1- How big is the smallest tank (container) I could use?
2- Do they need filtration?
3- What kind of food?
4- Are they compatible with snails? I would want a mix of snails and shrimp, and maybe even some other compatible inverts

What else do I need to know? Or even other little comments! I'm always eager to learn, even if you guys tell me that I can't have shrimp


----------



## bmlbytes (Aug 1, 2009)

1- How big is the smallest tank (container) I could use? - 5 gallons to survive, 15 gallons to breed.
2- Do they need filtration? - It would be preferred. Use a sponge filter or a very small HOB filter with a prefilter.
3- What kind of food? - Shrimp are opportunistic feeders and will eat almost anything. Feed them sinking fish food. 
4- Are they compatible with snails? I would want a mix of snails and shrimp, and maybe even some other compatible inverts. - Adult snails and shrimp will not likely hurt each other, but you will not get babies for either. Baby shrimp are awesome.


----------



## iheartfish:) (Jan 19, 2011)

okay, no shrimp for me  thanks, though! I think I'd rather dedicate my resources at this time to multies.


----------



## emc7 (Jul 23, 2005)

How are your multies doing? Mine are finally beginning to produce. After waiting forever to get 2 fry, there is now a larger number of a smaller size.


----------



## bmlbytes (Aug 1, 2009)

iheartfish:) said:


> okay, no shrimp for me  thanks, though! I think I'd rather dedicate my resources at this time to multies.

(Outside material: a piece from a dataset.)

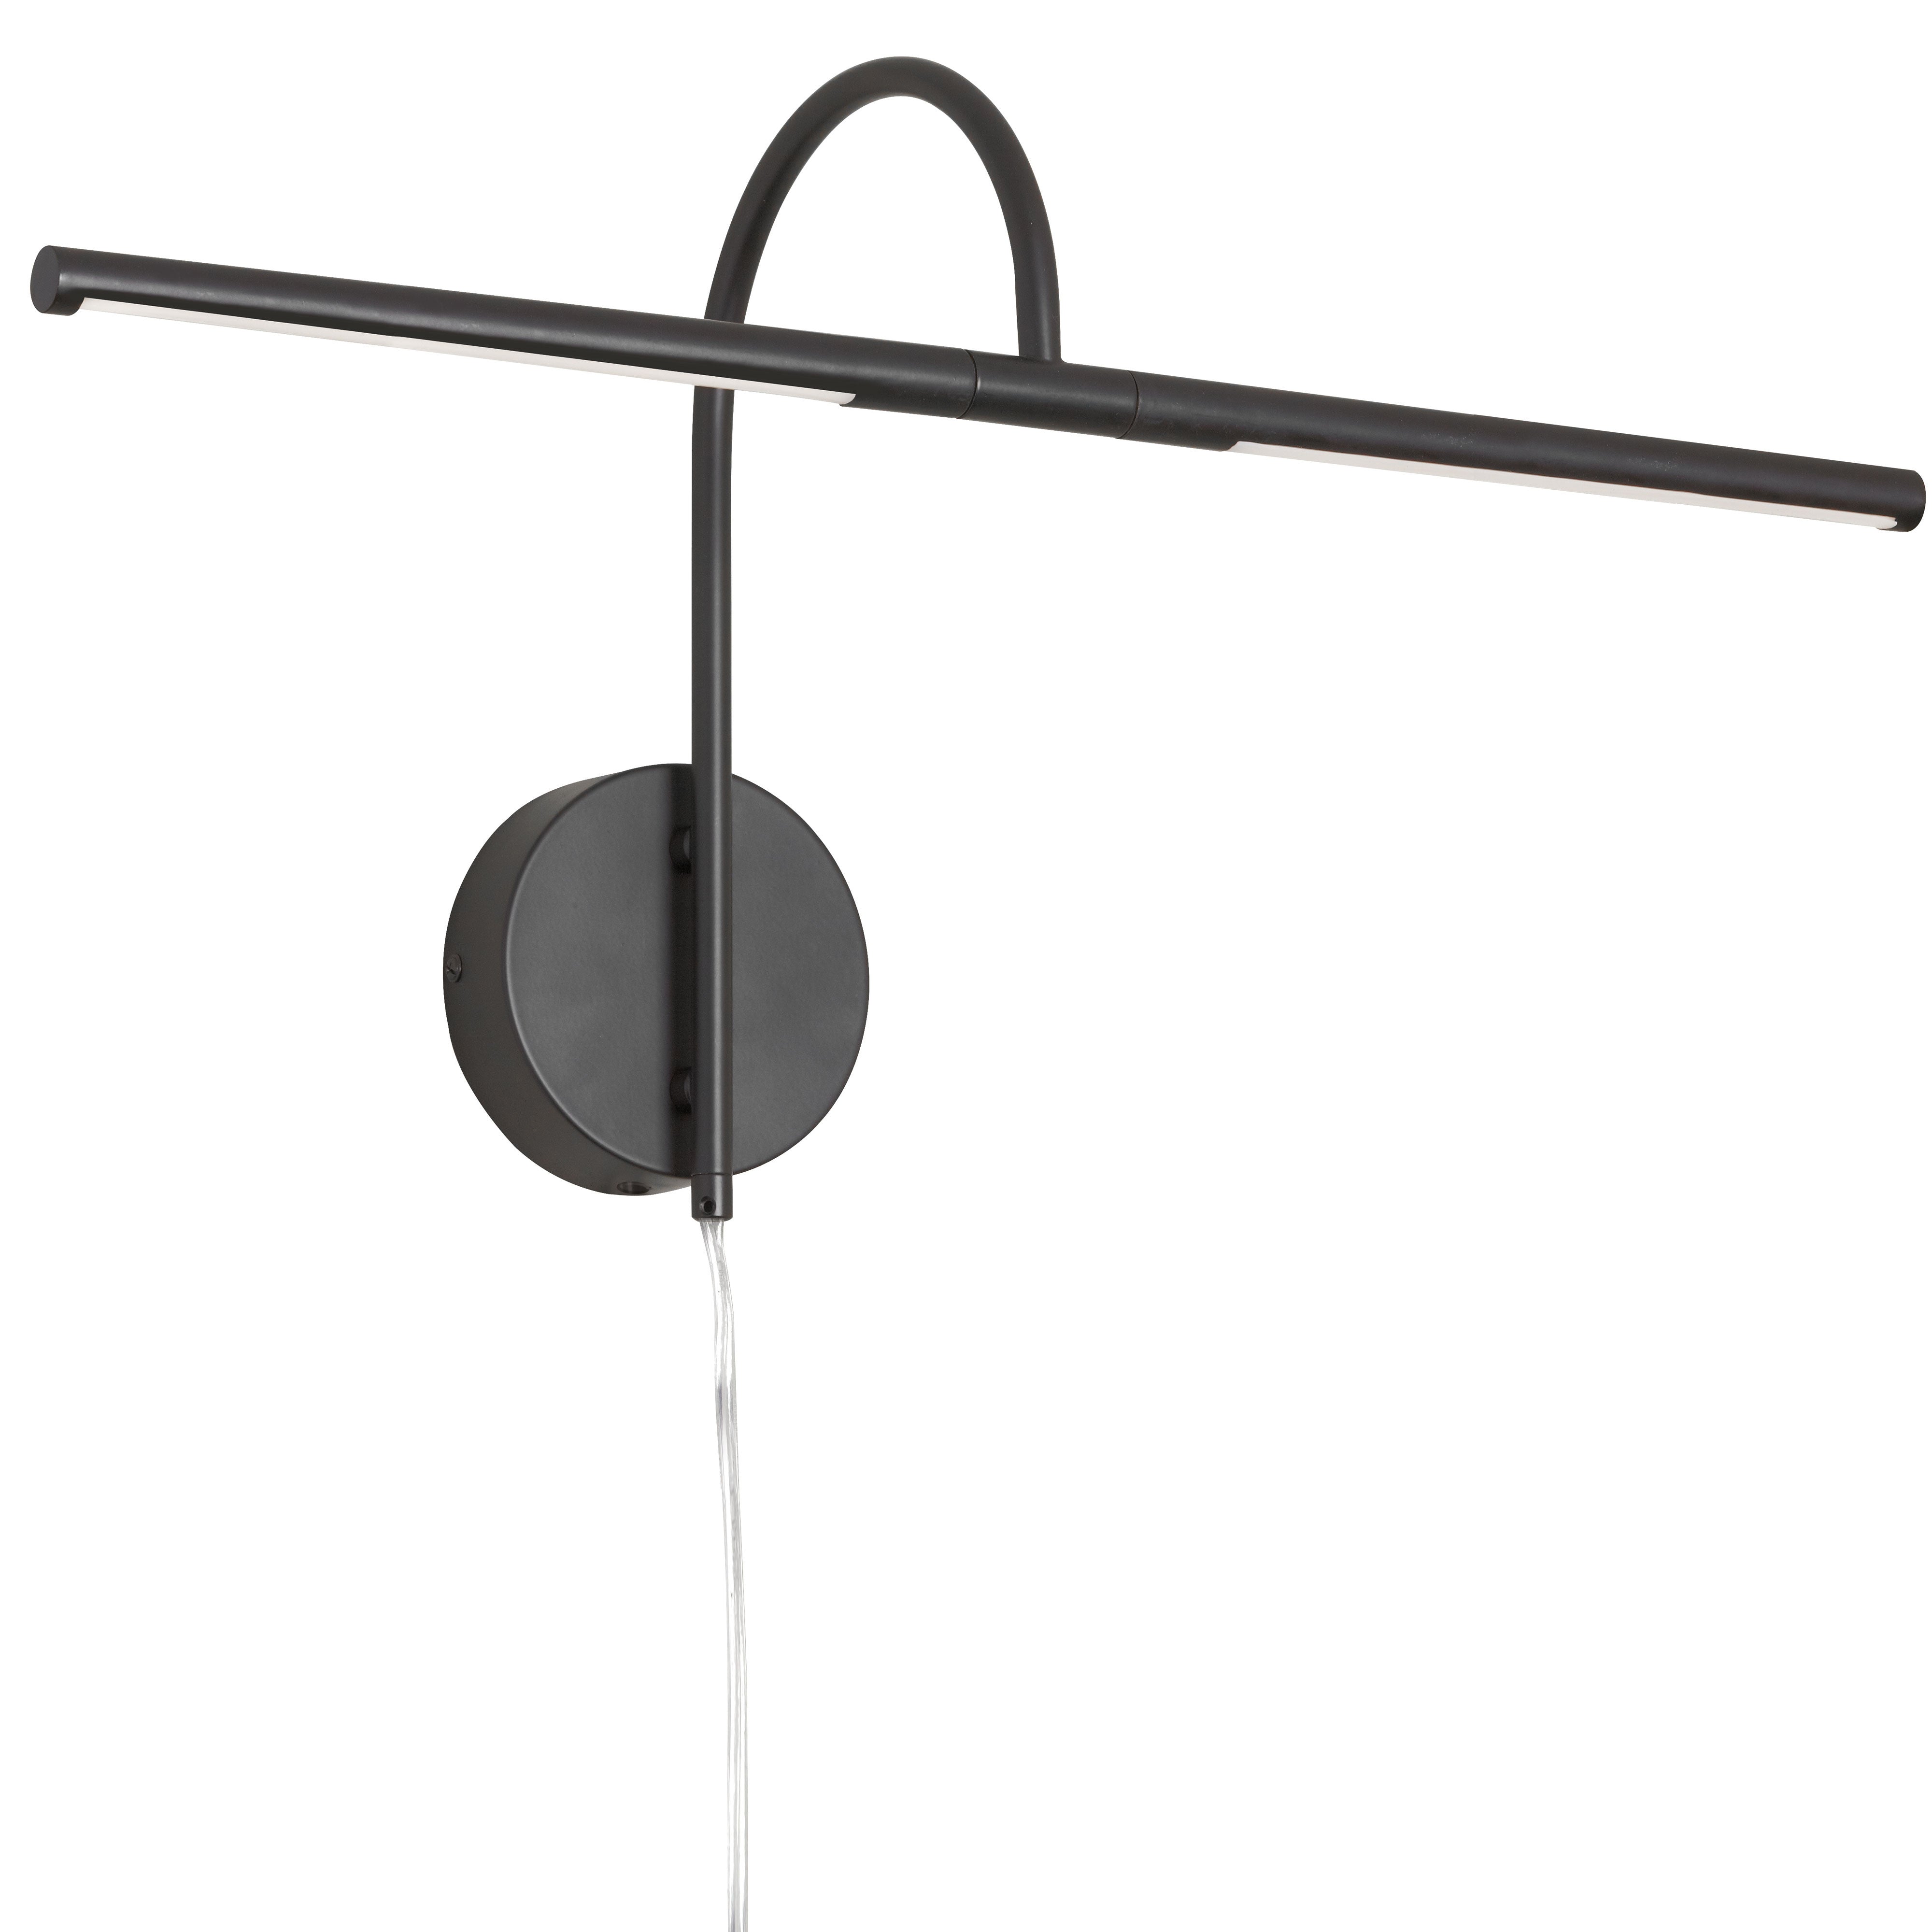 DISPLAY/EXHIBIT Wall sconce à tableau Black INTEGRATED LED - PICLED-242-MB | DAINOLITE

Really? After you set up the tank originally, shrimp are probably some of the easiest pets to take care of.


----------



## iheartfish:) (Jan 19, 2011)

Ooops, sorry, I don't have them yet. If all goes well, and I mean IF, then I should be getting some around december 2nd. Again, IF  lol, but everything has been approved by the boss (mom ) so I will get some. Just yesterday I did some aquascaping, too.

Congratulations on the fry!!!!

Oh, and can I keep a shrimp or two with the multies? Just thought it would be nice.


----------



## lohachata (Jan 27, 2006)

the wife is now keeping scrimps...
here is a pic on how she has them....
big plastic pretzel jugs...also a couple of big square animal cracker jugs.....
oh yeah...tha's one of my guppy breeding tubs behind the jugs..


----------



## ZebraDanio12 (Jun 17, 2011)

Loha, is that outside? What plants are those? Post pics of your guppies sometime!


----------